Thursday 10 June 2010

What is Wrong in the Australian Economy? - Personal Responsibilities & the Economic Crisis

This is the third and final article in this series commenting on various aspects of the current crisis as applicable to Australia.

The first commented on the Australian political scene, the second the effect other countries' policies have on Australia. This focusses on personal responsibilities.

In recent years the buzzword amongst libertarians has been “peoples' rights”, which completely overlooks the indisputable fact that every right carries with it a corresponding responsibility.

This, unfortunately, has been carried into schools and has led to a generation or two of adults who know all their rights, but are oblivious to their responsibilities in general and in particular the need to live within their means and support themselves by their own efforts.

Because of the deficiencies in the current education system in Australia & I suspect in other parts of the English speaking world, most will not have read any of Charles Dickens' classics, and so will be unaware of Micawber's famous quote in the novel 'David Copperfield':

"Annual income twenty pounds, annual expenditure nineteen pounds nineteen and six, result happiness. Annual income twenty pounds, annual expenditure twenty pounds ought and six, result misery."

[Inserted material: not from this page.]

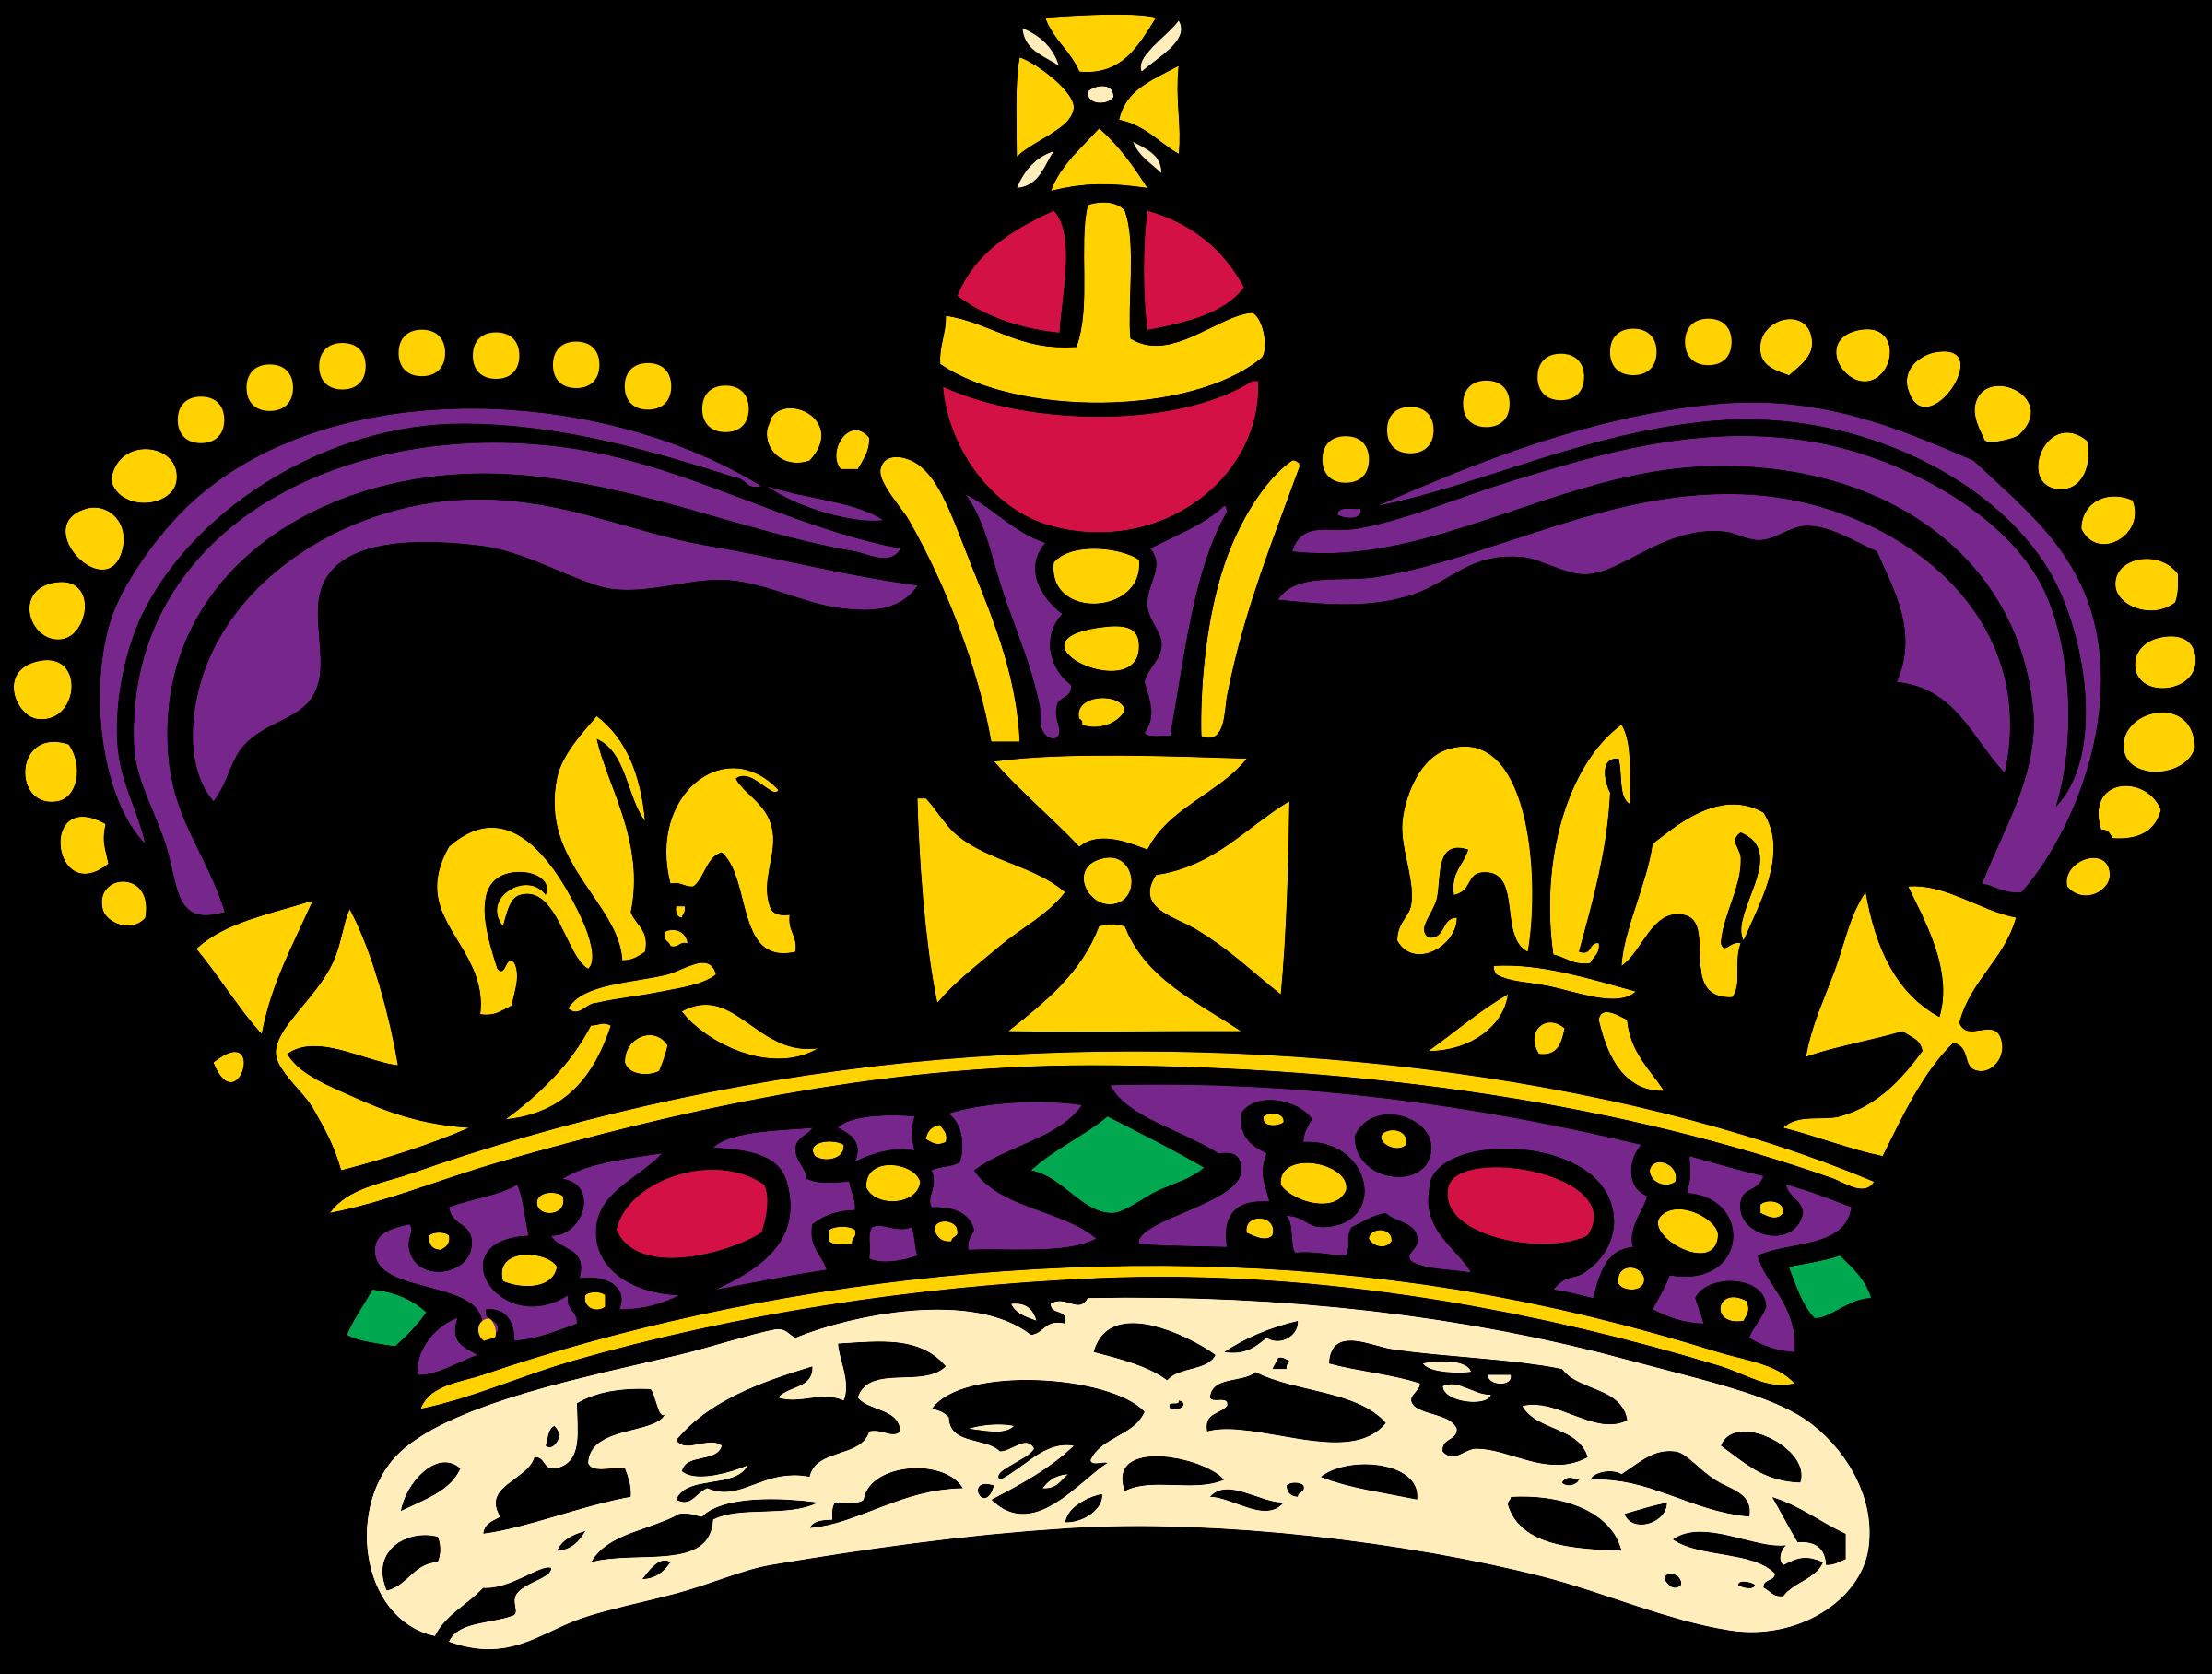 . Clipart crown purple

Unfortunately some academics with political influence have not assisted by arguing that credit is good for the economy and that printing money is not only a necessary, but a good thing whenever a correction occurs in the market. They completely overlook the fact that it should be a responsibility for all sectors of society, individuals, organisations, bureaucracies, and politicians, to live within their means.

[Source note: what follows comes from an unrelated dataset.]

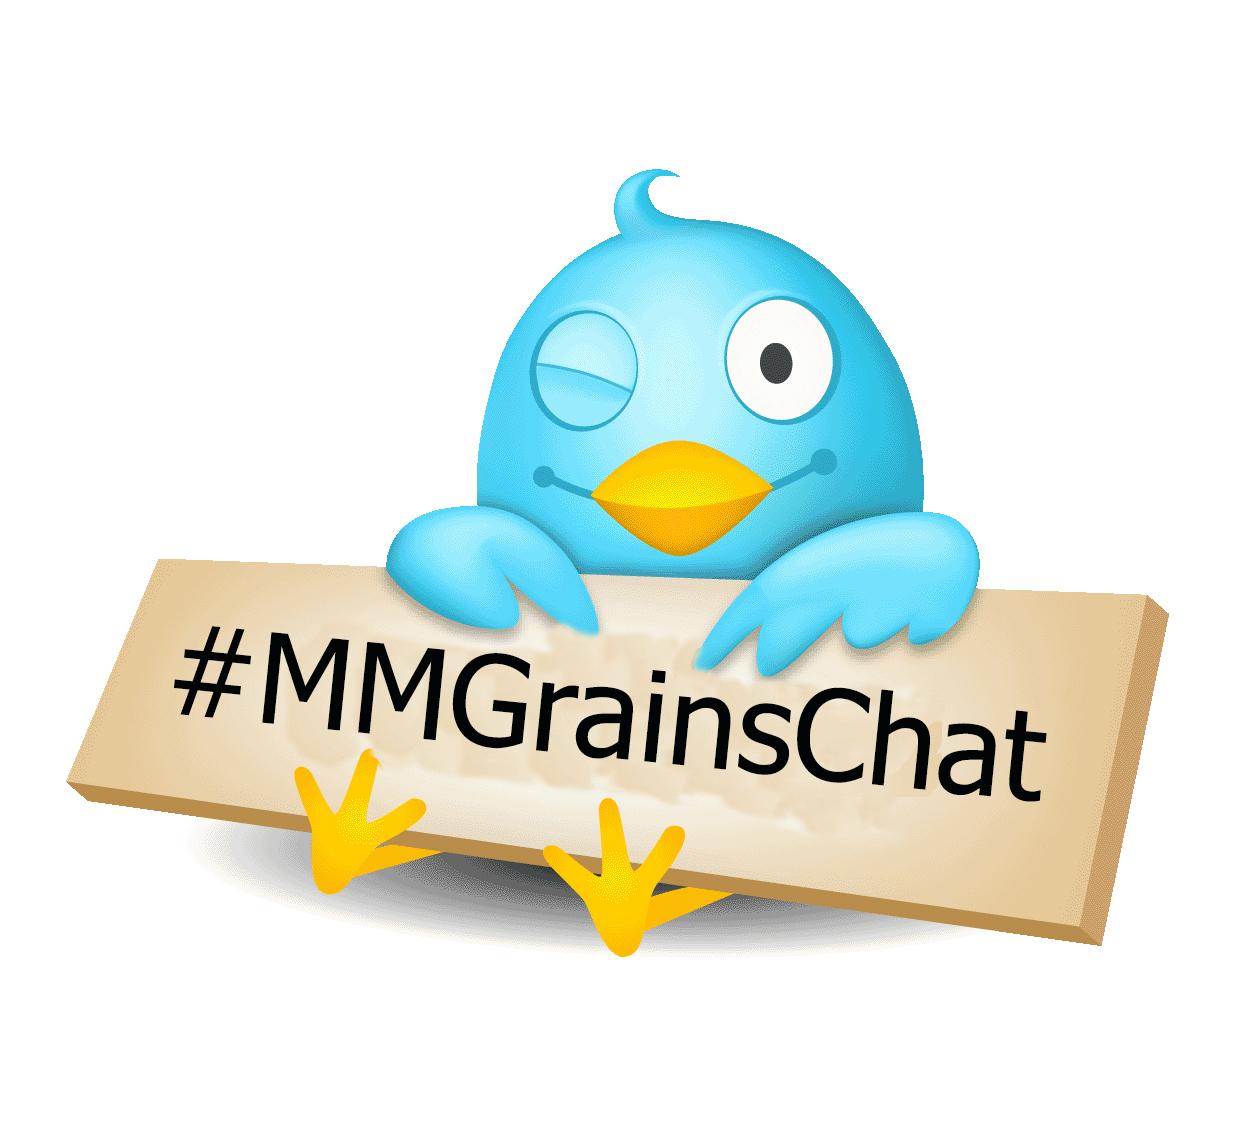 """Cartoon Twitter Bird holds sign with text """"#MMGrainsChat"""""""

Even more unfortunately, politicians no longer accept responsibility for any mess made by their departments. Instead they clearly feel it is their right to misappropriate taxpayers funds, already gouged from the workforce and companies, to fix a mess like the insulation debacle, or to run expensive advertising campaigns explaining why they think they are right, like proposing the asinine Resources Super Profits Tax (RSPT).

The companies opposing the RSPT have the right to do so to protect their international competitive edge for the benefit of Australia and are using company funds. In doing so they are also discharging their responsibility to protect the interests of their shareholders who have advanced the funds, after paying tax of course, to develop mineral resources for the benefit of all Australians.

By the same token, if politicians, on the advice of their departments or personally, make a bad decision, they have the right to fix or explain it to taxpayers. However, their responsibility is to ensure that the funds, in the interests of equity, come from their or the relevant department's existing budget, which has already been funded by taxpayers, and the persons responsible demoted or sacked, as they would be in private enterprise.

Unfortunately, the apathy of voters has allowed this situation to develop. However, this apathy appears to be disappearing fast as the current correction bites into their savings and they see how they have been and are being used. Even politicians' attempts to assuage public feeling about their mistakes, by spending lavishly on welfare projects that have little real benefit & which should rightly be the responsibility of individuals, seem to be loosing any appeal they might have had.

Perhaps the pendulum is beginning to swing at last to a position of equilibrium between rights and responsibilities.